It is interesting how vacations work…oftentimes we are not even aware that one is needed until we reach our destination. I don’t feel as if I live a particularly stressful life (and I can certainly state that Lizzie has never had a moment’s stress in her pathetic existence), but once we arrived in the land of Harriet Beecher Stowe (famous for UNCLE TOM’S CABIN) I felt a freedom and ease unlike my usual state of Red Alert in Manhattan. My grandparents have about three acres of beautiful land…land made for the wanderings and explorations of two city pugs. Our grandparents were engaged in the timeless pursuit of growing one’s own food and so their days were filled with the turning of soil, sowing of seeds, and watering of their efforts. Lizzie and I were only too eager to assist and support these endeavors.
Our days were long, our labors intense, but the rewards were generous. Because our visits here are shorter and less frequent than at our Cape Cod grandparents’ house, we were treated more deferentially, making it easier for us to behave in a less than praiseworthy manner, I must confess.

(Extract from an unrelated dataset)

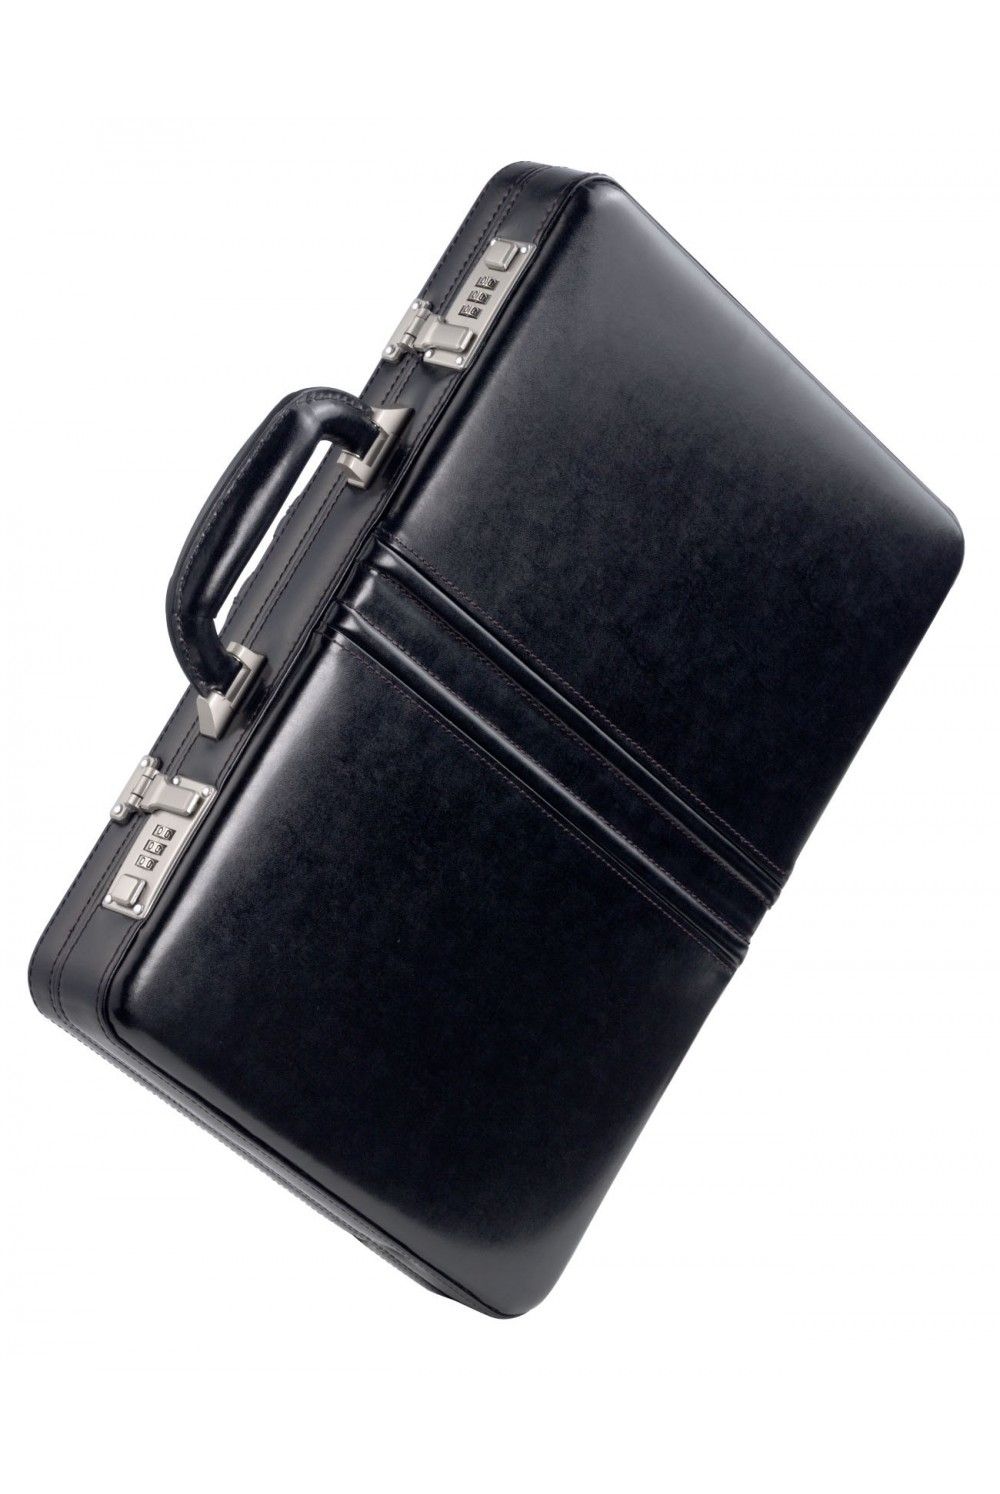 DERMATA briefcase cowhide 1242

Nonetheless, I think Art and Mary enjoyed us, even if they found us a bit challenging at times. Struggling with my nighttime diaper was somewhat difficult for them and learning to differentiate between my actual needs and begging wants always confused them. They were good sports and catered to us in a loving manner.
We were exhausted after our stay and spent the first two days in NYC, in a virtual coma. I did, however, come alive by the third day and felt my old primal urges kick in, causing me to convince Lizzy that Dad’s careless neglect of the garbage can deserved a good toss. She, in true form even after a lengthy absence from this wonderful sport, did a magnificent job, thus providing me a veritable smorgasbord of delicacies from which to sample. I, in turn, did my own toss…not just once, but throughout the apartment.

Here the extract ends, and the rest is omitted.